Winning in the Freelance Game
Being a freelancer is hard. When clients don’t have work for you, you cease to exist for them even though your livelihood depends on them or on people like them. You need to be a team player, but often you will be dropped from the team abruptly when a project ends. This demands resilience.
Here are a few thoughts on flexing your resilience muscles by being proactive — boxing clever, if you like. (Some sporting metaphors are thrown in, because I like sport.)
We freelance editors can partly create our own world through the questions we ask and the initiatives we take while editing. A phrase that is used in sport these days — especially rugby — is “painting pictures.” The idea is that players try to influence the referee’s attitude towards them by being seen to do the right thing, in a manner that may be stylized and borderline exaggerated: they paint favourable pictures of themselves and of situations.

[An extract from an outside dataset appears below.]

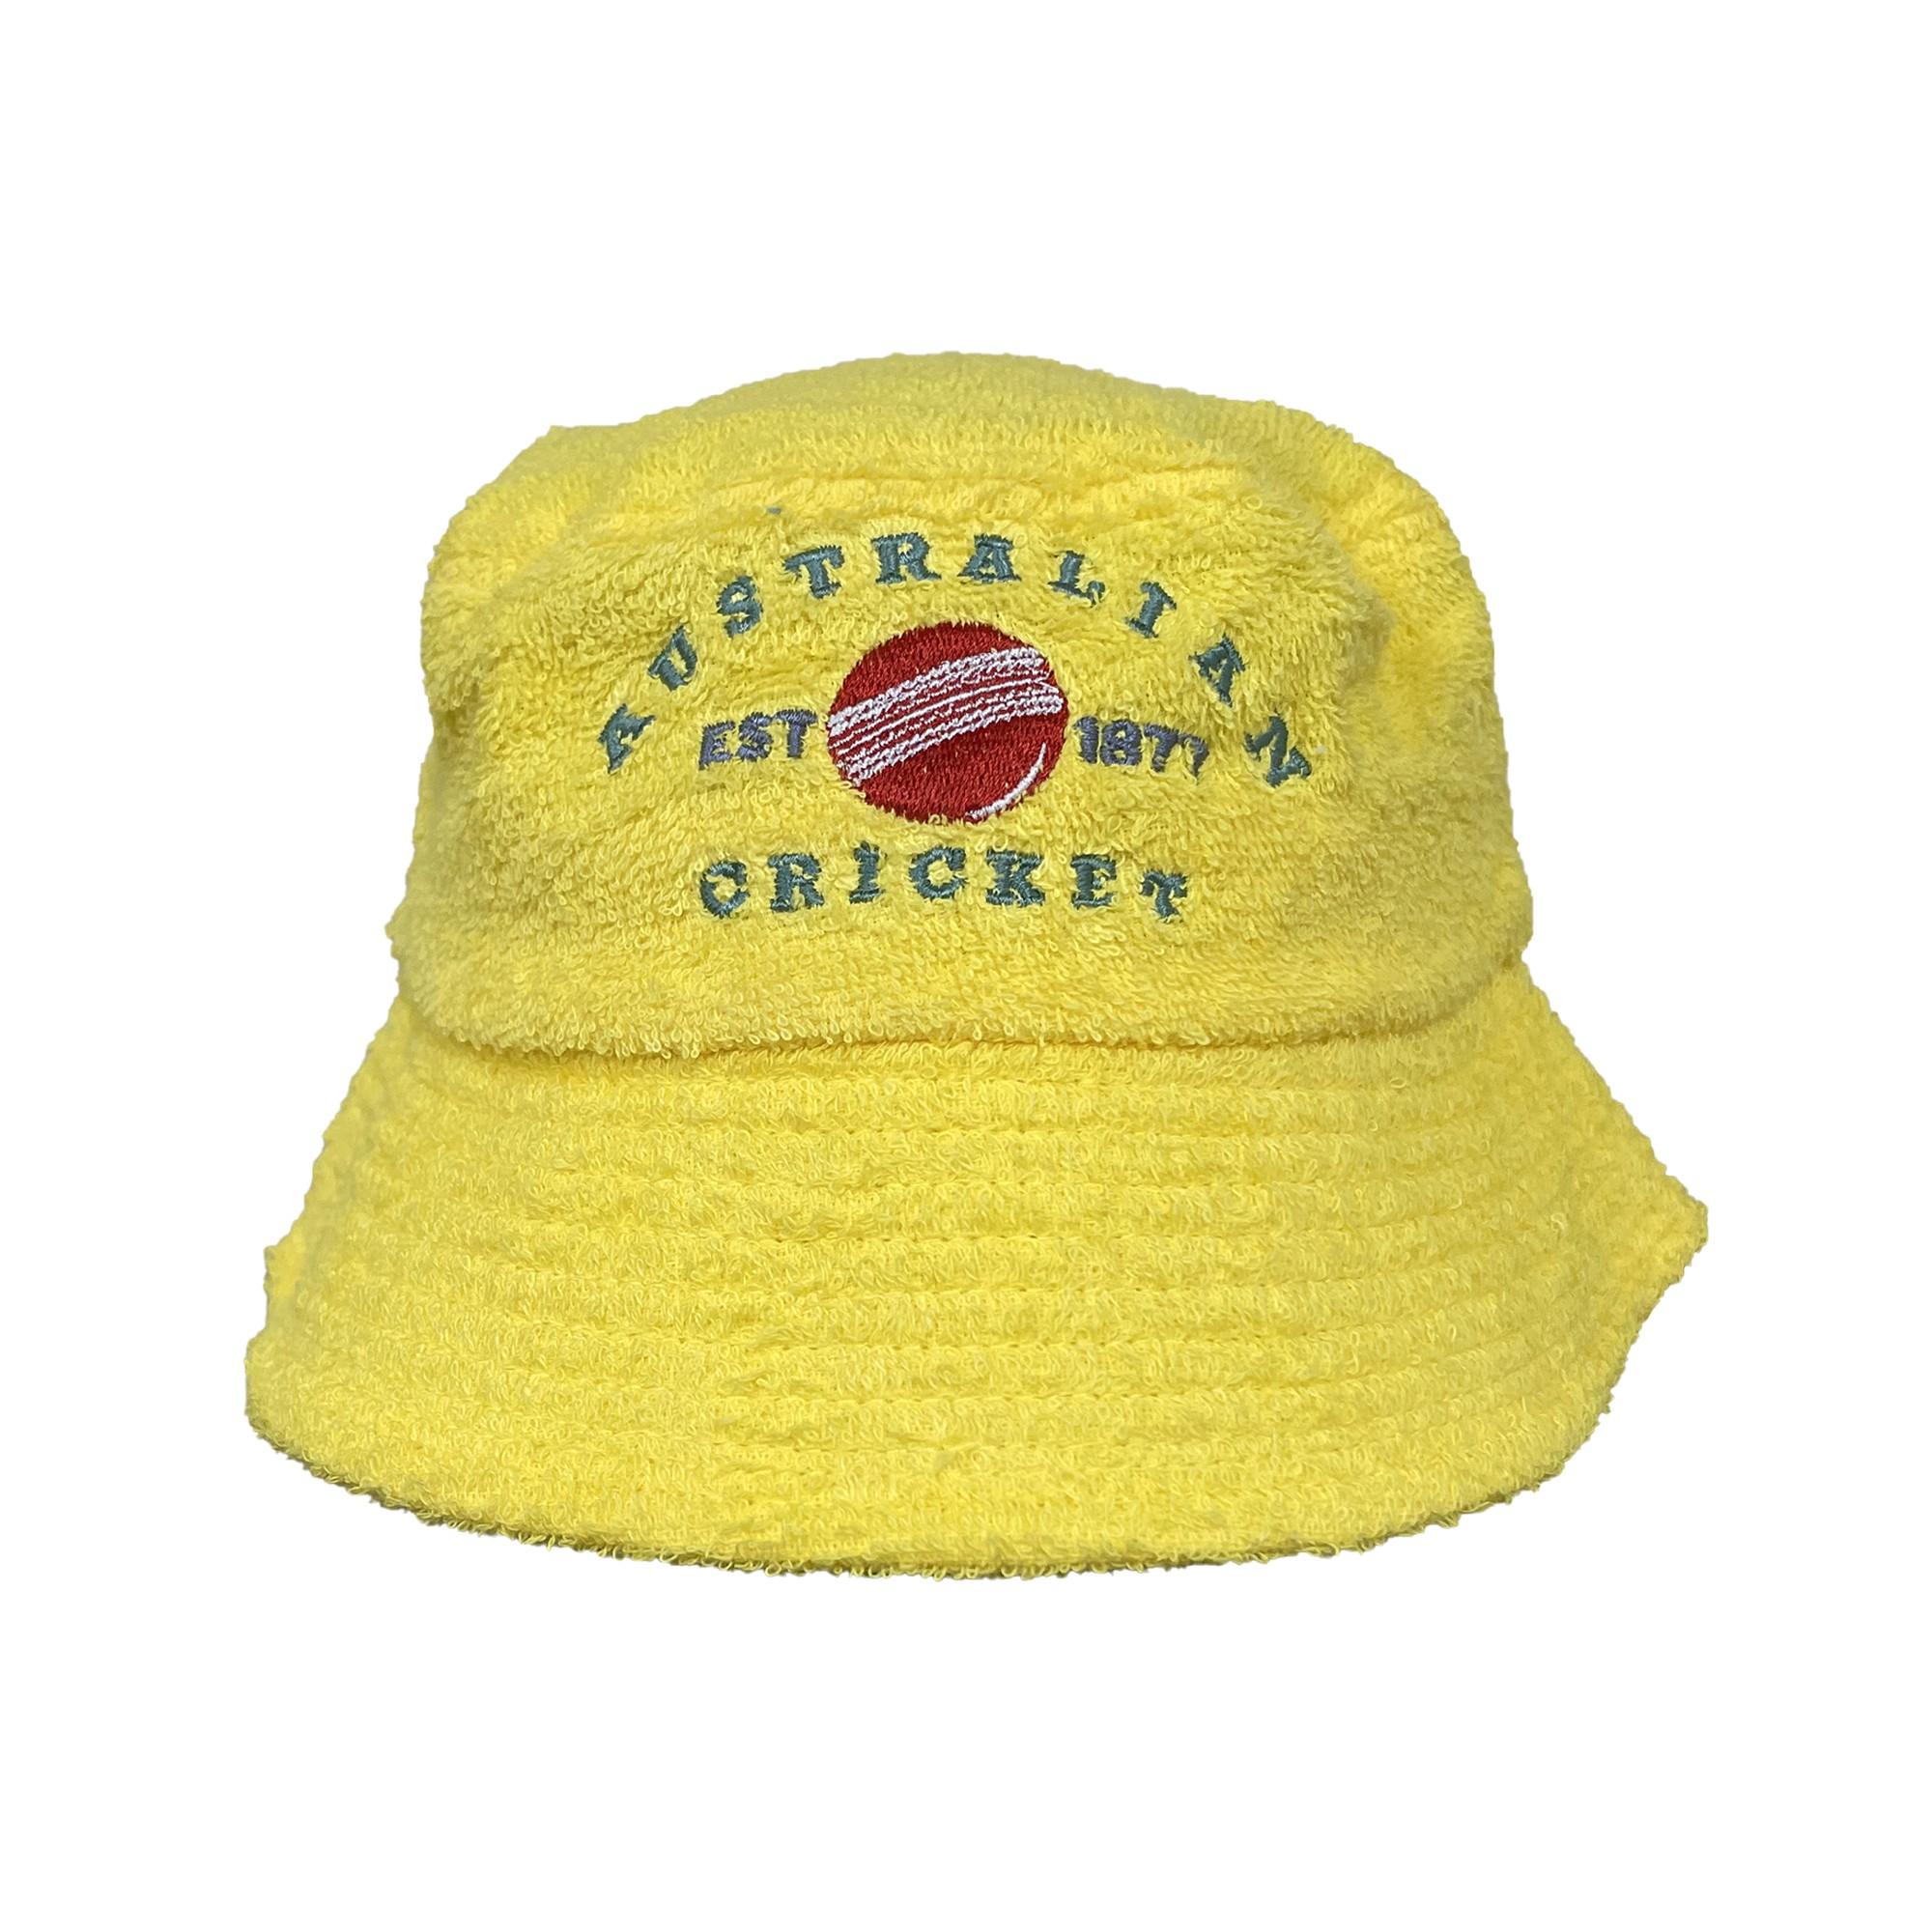 VINTAGE AUSTRALIAN CRICKET YELLOW TERRY TOWEL BUCKET HAT

Similarly, freelancers can paint pictures for clients. You can portray yourself as being especially helpful and efficient, for example — a problem-solver, an obviator of headaches. Put yourself in the other person’s shoes and consider whether the picture they’re seeing is the best possible one. As well as doing the right thing, be seen to be doing the right thing. Consider what they want (an easy life, basically). Don’t sit back and allow them to paint their own pictures (which, for all you know, might be grotesque caricatures).
Another adage from rugby is “Get your retaliation in first.” Visualize and pre-empt problems. Sometimes explain your thinking in comments to the author, even if that is not strictly necessary, to give an impression of efficiency and knowing the score. Copy the client in emails to the author as appropriate. Email the client with updates. If there are problems, these should be perceived as occurring despite you rather than because of you.
Be a team player
A client rang me recently about a book that was at the printer’s. There had been some glitch with the typesetter’s file; the client wanted me to go through a few pages of the printer’s PDF thoroughly, as a spot check. I had already been paid for the job; the client knew that I wouldn’t charge for this extra work. It’s good to be a “team player” even when you’re not on the team — that way you remain in the client’s squad, and it becomes more likely that you’ll be picked for the next game.
Polish your trophies
As well as making our own world, we influence the world around us. When you walk into a bookshop, you may not see many of the publications you have worked on, but they are out there, somewhere. They are better for your work, and this means that the world is better, too. The human need for clear communication has been served; you have made a difference. Your trophy cabinet is dispersed, but no less real for that. It’s a reflection of your work ethic and expertise and a harbinger of your future successes. Bear it in mind.